Source data:
------

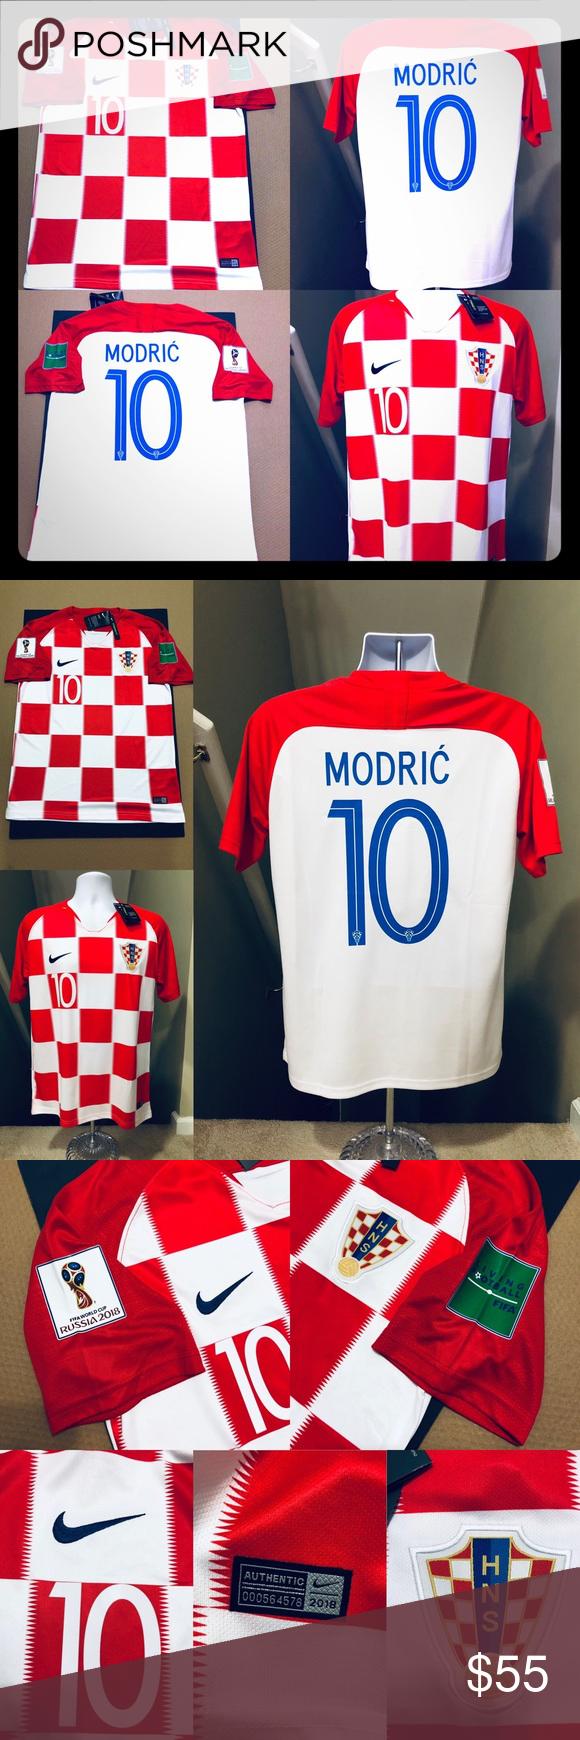 5318a4263 2018 Modric  10 ⚽ World Cup Croatia Soccer Jersey 2018 Croatia National  Football Team • Futbol Soccer Jersey Football 2018 Home Croatia Soccer  Jersey ...
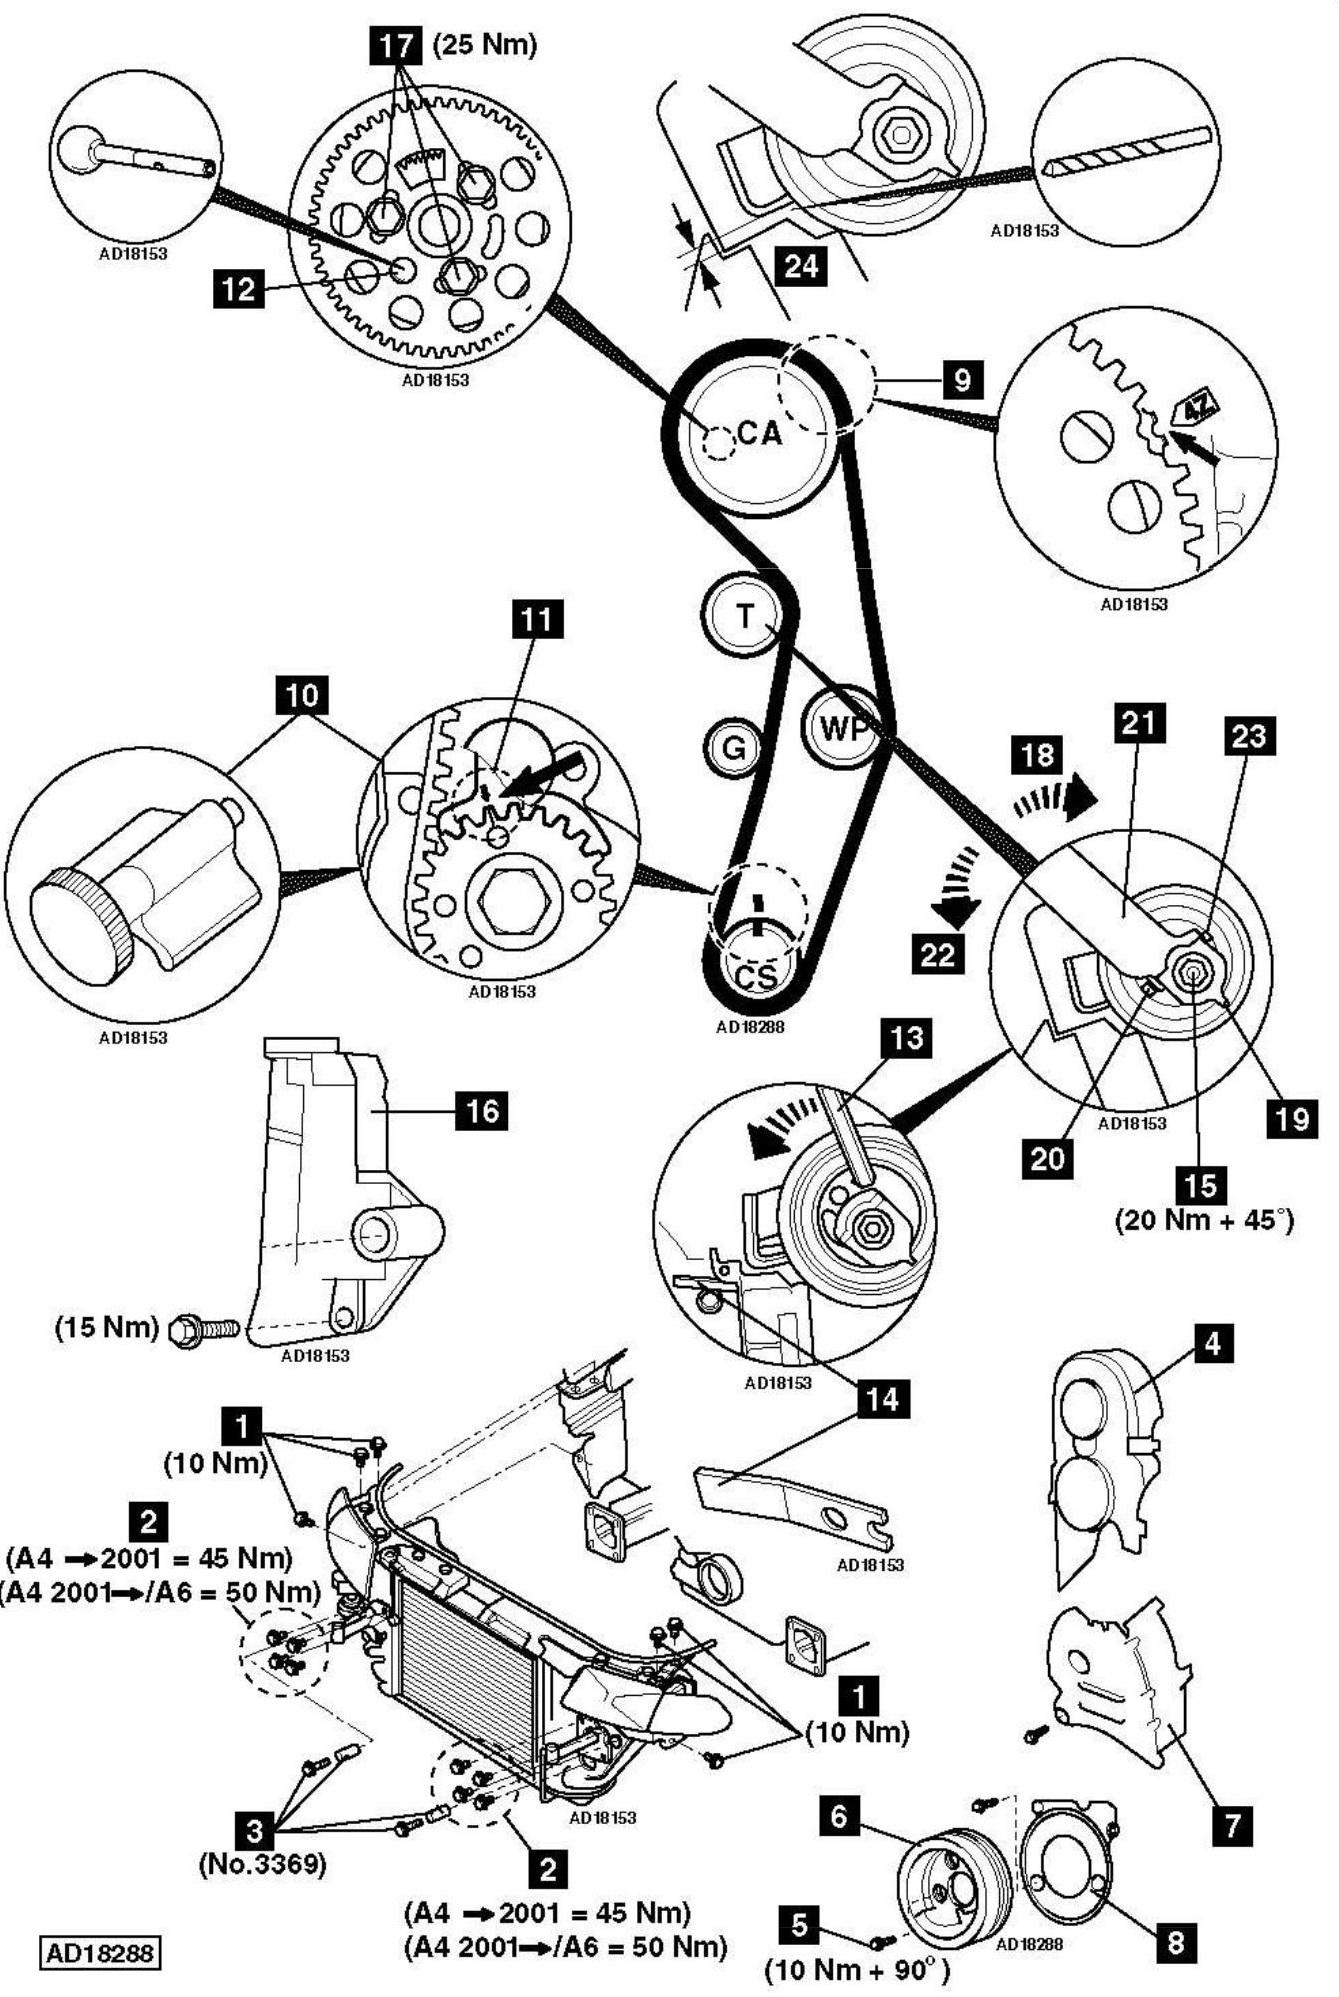 Replace-timing-chain-on-Audi-A4-B6-1-9-TDI-2001
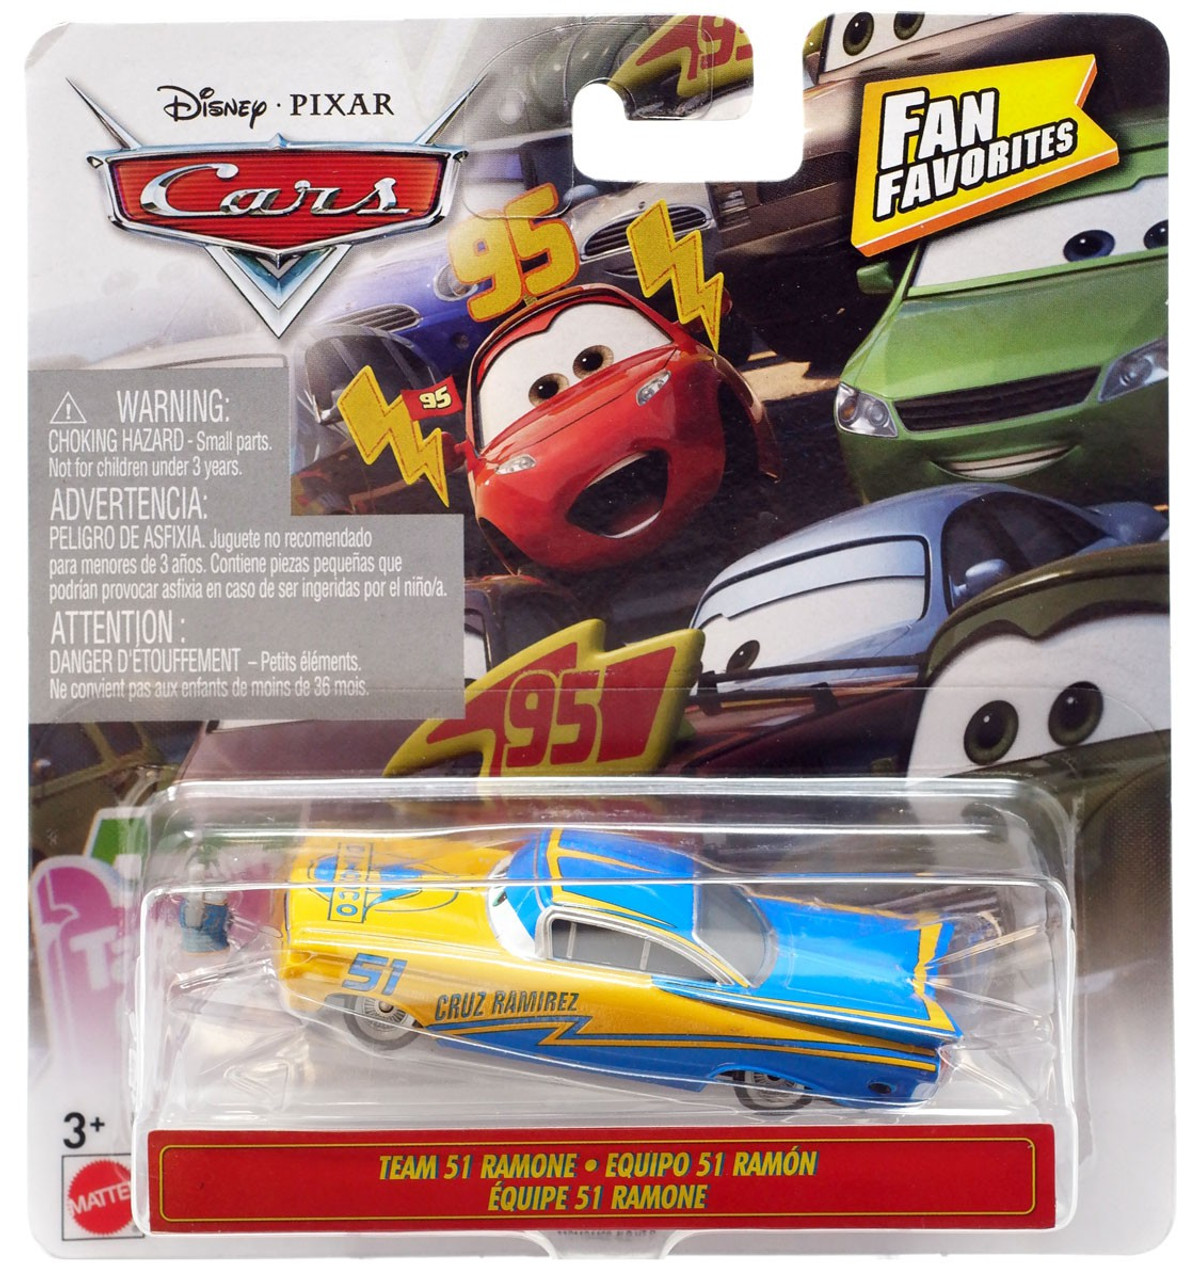 Disney Pixar Cars Fan Favorites Team 51 Ramone 155 Diecast Car

------

With the pictures removed, return the data above word for word.

 5318a4263 2018 Modric  10 ⚽ World Cup Croatia Soccer Jersey 2018 Croatia National  Football Team • Futbol Soccer Jersey Football 2018 Home Croatia Soccer  Jersey ...
 Replace-timing-chain-on-Audi-A4-B6-1-9-TDI-2001
 Disney Pixar Cars Fan Favorites Team 51 Ramone 155 Diecast Car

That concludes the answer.